Several FBO companies set their sights on London
Next month TAG Aviation is due to complete construction of a new terminal at Farnborough Airport.

Next month TAG Aviation is due to complete construction of a new terminal at Farnborough Airport. The 50,000-sq-ft building at the London-area airport will include an operations center, passenger lounge and offices.

The new terminal is TAG’s latest major investment in its bid to position Farnborough as London’s foremost business aviation hub. (The recent opening of the new FlightSafety International Learning Center has further enhanced the airport’s standing in this respect.) TAG also has FBOs at Geneva Airport in Switzerland and at Berlin’s historic downtown Tempelhof Airport.

Next year the company will add a new 15,000-sq-ft technical support facility at Farnborough, 35 miles southwest of central London.

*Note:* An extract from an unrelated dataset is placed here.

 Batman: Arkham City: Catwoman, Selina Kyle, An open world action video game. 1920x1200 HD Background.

In January 2007 a new 100,000-sq-ft hangar will also be available at the airport, adding to the 240,000 sq ft of hangar space already available for aircraft up to the size of the BBJ2. There is no shortage of aircraft parking space, with some 30 acres immediately adjacent to the terminal and a further 30 acres of remote parking if required.

At Luton Airport–30 miles north of London–Harrods Aviation has secured a second hangar and additional ramp parking. It has also provided free wireless Internet access, as well as at its Stansted Airport FBO (35 miles northeast of the UK capital).

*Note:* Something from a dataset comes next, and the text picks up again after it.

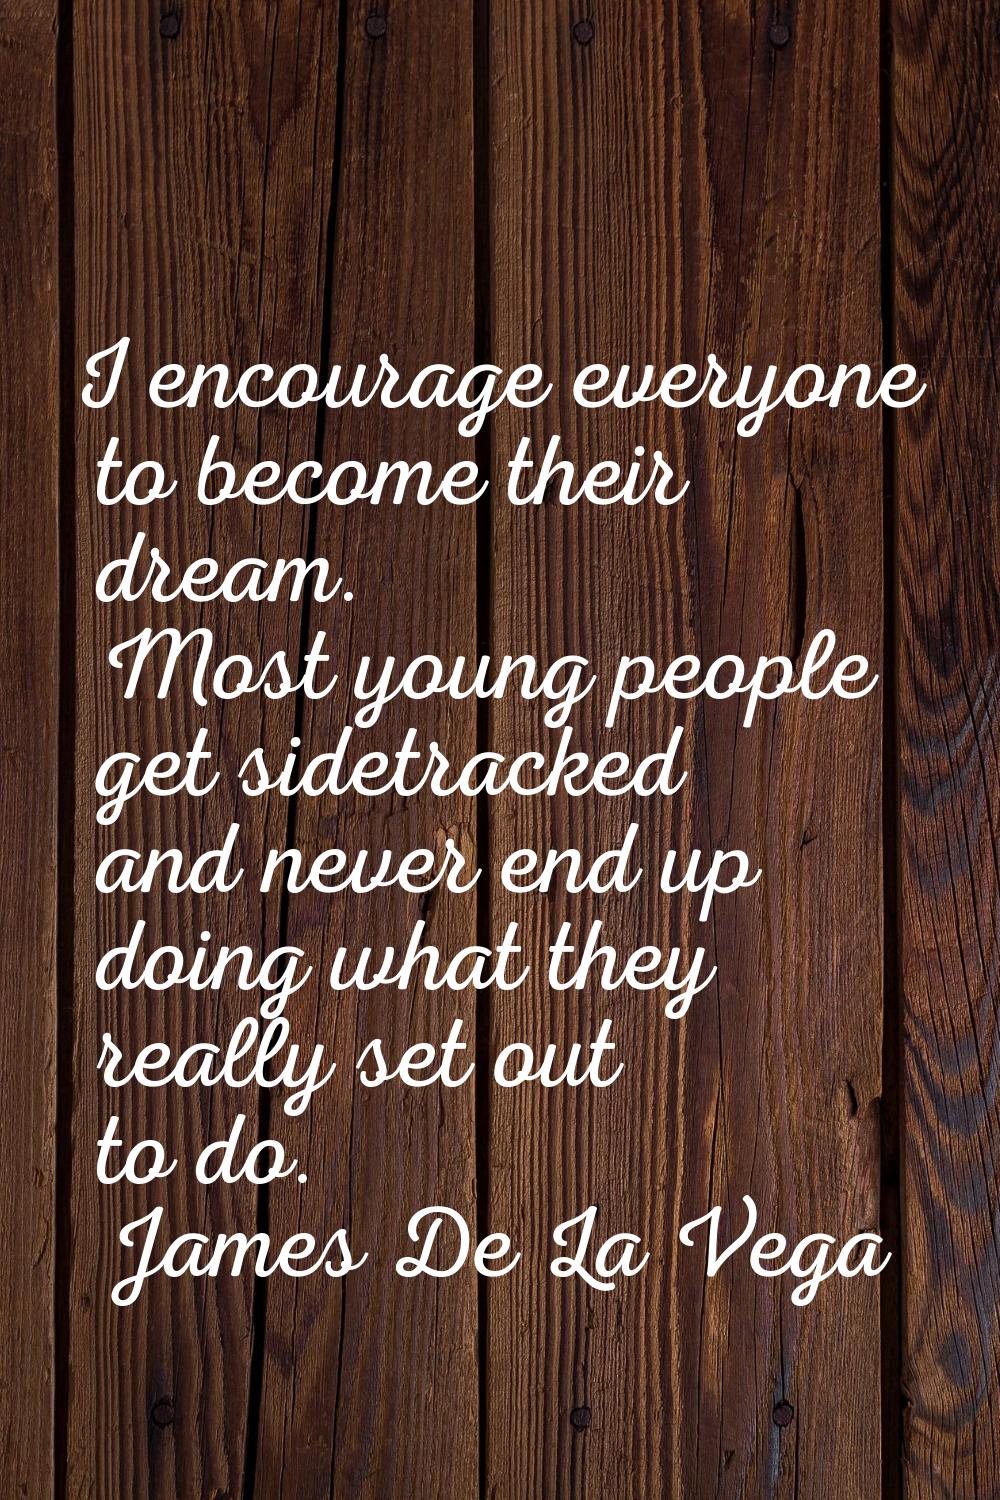 I encourage everyone to become their dream. Most young people get sidetracked and never end up doin

Over the next year, the company will be refurbishing both facilities, which also include features such as conference rooms, as well as crew lounges and rest areas.

Harrods competes with Signature Flight Support at Luton. At Stansted, its rival handlers are the Inflite Jet Centre and Universal Weather & Aviation.

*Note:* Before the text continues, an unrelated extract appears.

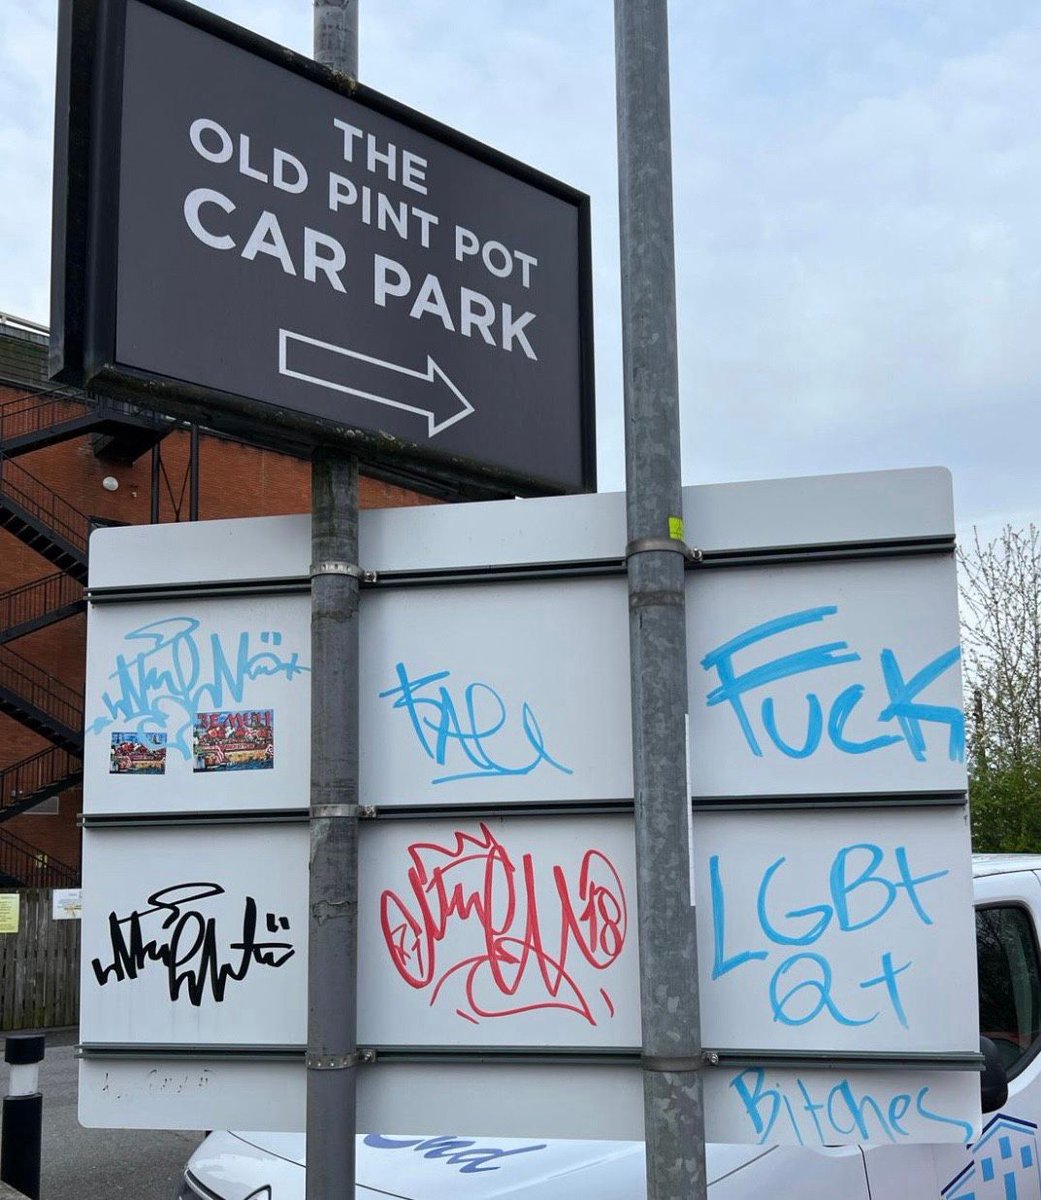 Salford Pride Trustees have noticed homophobic graffiti appearing in and around Chapel St and have reported it to Salford City Council. If you see racist, homophobic or offensive graffiti, please report it to the council. buff.ly/43Q1dj3

Harrods, a sister company of the famous London department store of the same name, offers comprehensive services for corporate aircraft crews, including cleaning aircraft crockery and cutlery as well as dry cleaning.

The company still has ambitions of opening new bases in other parts of Europe and has been actively exploring prospects for running an FBO at Paris Le Bourget Airport.

Return to Heathrow

After some difficult years during which business aircraft found themselves squeezed out of London’s Heathrow Airport by a slot allocation system that strongly favored airline traffic, the Signature Flight Support FBO there has enjoyed encouraging 15-percent growth. Most of the movements it handles are now the more lucrative large, airliner-class VIP transports.

It was this trend that inspired the company to acquire both of Heathrow’s other FBOs–Harrods Aviation and Executive Aircraft Services–during the past 12 months.

Signature has consolidated the two Heathrow operations in the former Harrods Aviation premises, which are situated on the south side of London’s main gateway next to Terminal 4.

Smaller London Airports

Over the past two years, London Biggin Hill Airport has resurfaced its main runway and has become the UK’s only general aviation airport permitted to accept traveling pets under agriculture department rules. The privately owned airport group, which also includes Southend Airport (35 miles east of London) and a handling operation at Northolt air force base, is now advancing more ambitious plans to build new hangars as well as a hotel and restaurant.

Northolt itself, situated 14 miles west of downtown, has always had great potential as a business aviation gateway for London but this has always been severely compromised by the government’s traffic restriction of 7,000 civil movements per year (compared with the 28,000 permitted at Farnborough).

According to sources close to the Ministry of Defence-owned airfield, the government may soon accept the case for further development of the existing civil enclave. Several business aviation service groups are known to be evaluating such a project but are not likely to proceed unless the government grants a significant increase in the volume of traffic permitted to use the facility.

Meanwhile, at Manchester in northwest England Northern Executive Aviation is making plans to extend its passenger lounge. The company, which can also provide extensive maintenance support, is the only FBO on the airport.